Specializes in I don't have much experiance yet..

I know this is an old thread but I have to add one thing..... my biggest pet-peeve is people who get into nursing just for the money!!!!!!!!!!!!!!!!!!!!!

You can always tell who they are b/c they treat their pts awful and are constantly complaining!!!

Jennifer

the nurse who "finishes" her assignment and does not check with the rest of her team, peers, etc to see if they could use some help.........i'm a nurse educator and this is imprinted into my philosophy when teaching.

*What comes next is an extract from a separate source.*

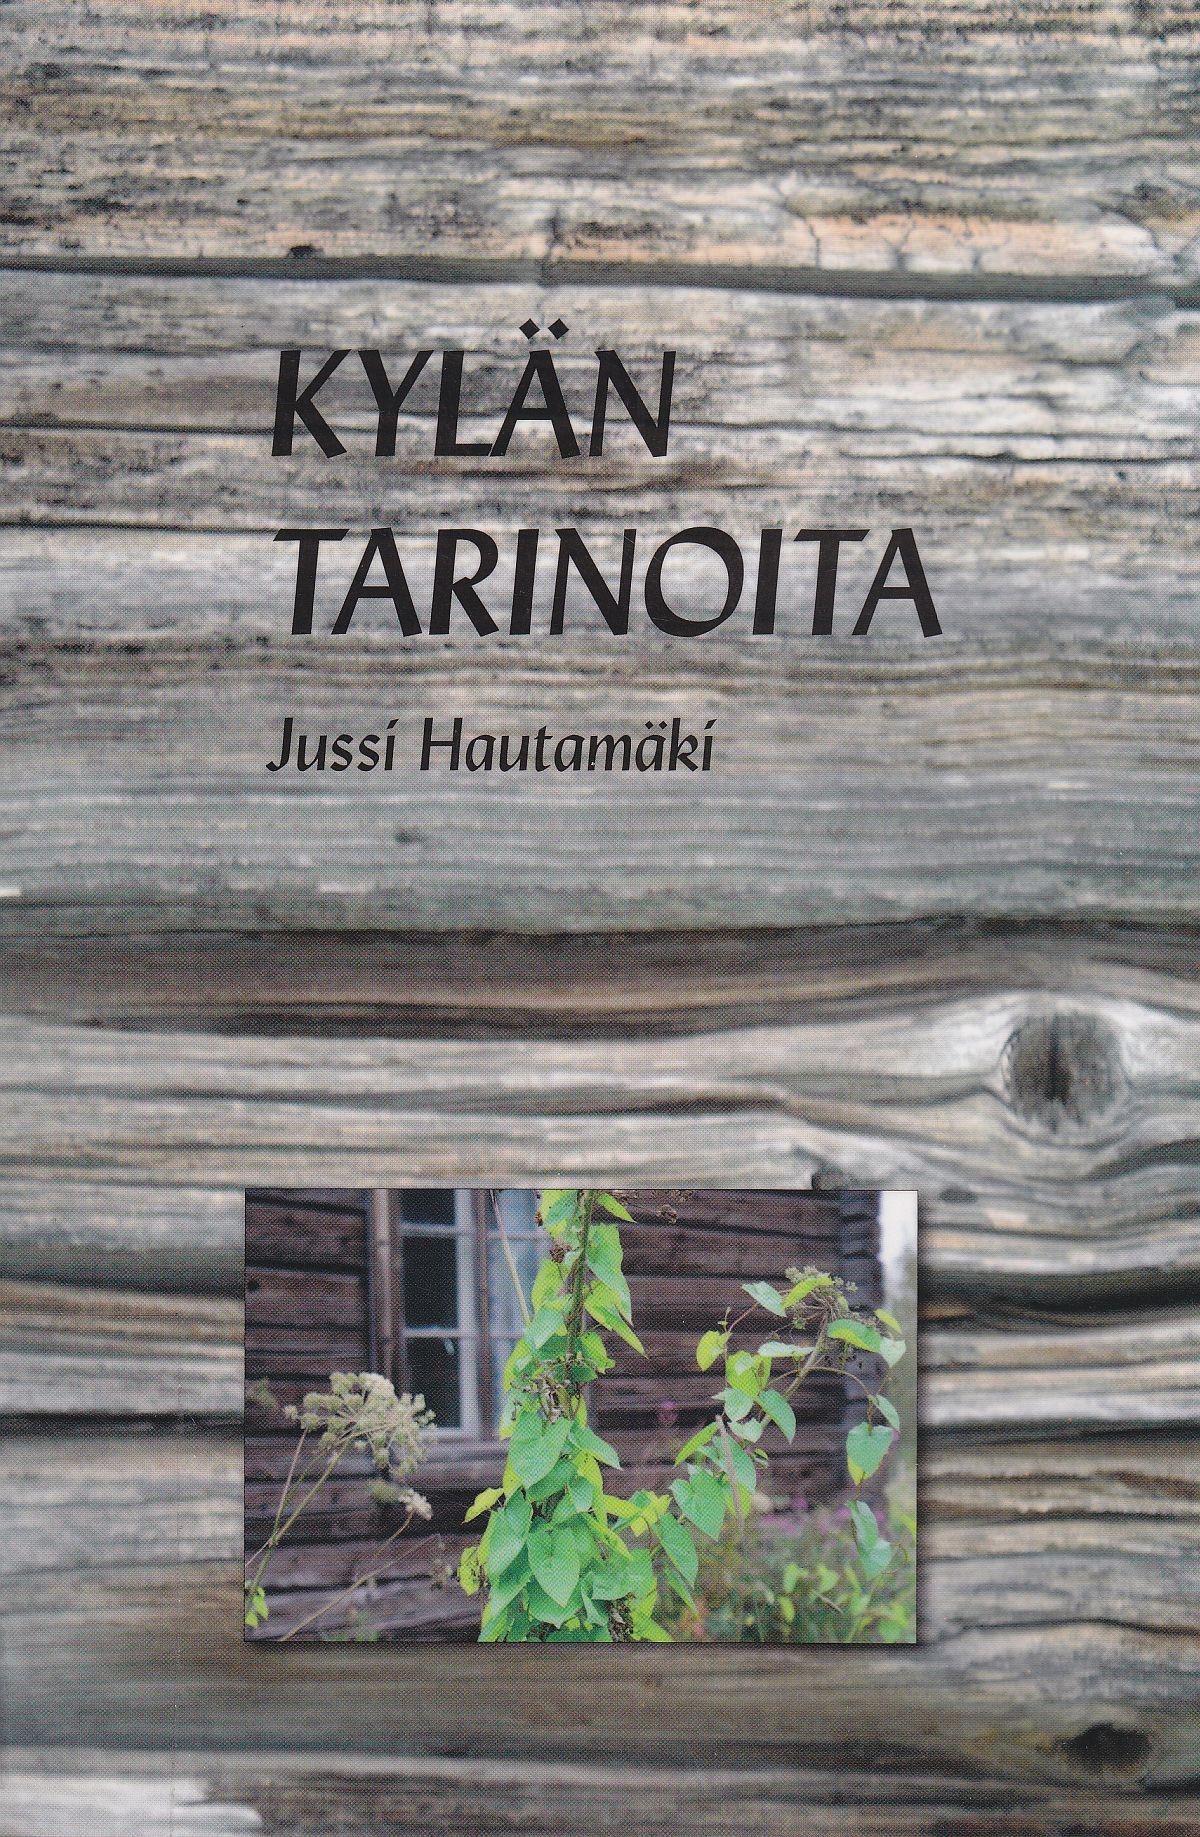 Jussi Hautameän Kylän tarinoita -teoksen kansikuva

There are often 2 sides to that one. I set my priorities and budget my time and often wind up with down time here and there. If a colleague really needs some help, I am more than happy to give it if I have time. But, if one of my co-workers has piddled around and let him/herself fall behind, NO I am not going to do my work and his/her work too. I say this because I see nurses that do this - waste time (in any number of ways) and then wind up behind and expecting everyone around them to bail them out.

the nurse who "finishes" her assignment and does not check with the rest of her team, peers, etc to see if they could use some help.........i'm a nurse educator and this is imprinted into my philosophy when teaching.

Ok I don't have a problem helping my coworkers I come from the old school as well , But If they (the nurse )are sluffing most of the shift visting at the desk while I am breaking my back ,Or When I ask for help they don't help They state I am going to eat my lunch. Or my biggest pet peeve out smoking half the shift .Then they want me to help them I take offence .

There are ceartian Co- workers understand the meaning of Team and others who are just plain lazy and don't do there work then expect you to do it all for them.

I personally was asked to help one shuch primary nurse change a Pt she went to get sheets and I found her out taking a break smoking I stood there for over 10 minutes waiting for her .Tieing up my time when I finally went and got the Pt done myself she didn't even say thanks So when she asked the following day I made sure I was busy with my own Pt's .People should not dump or dis-respect Others by takeing advantage of them over and over.

just my thoughts

Having been taught in school to refer to hospital patients as "clients"!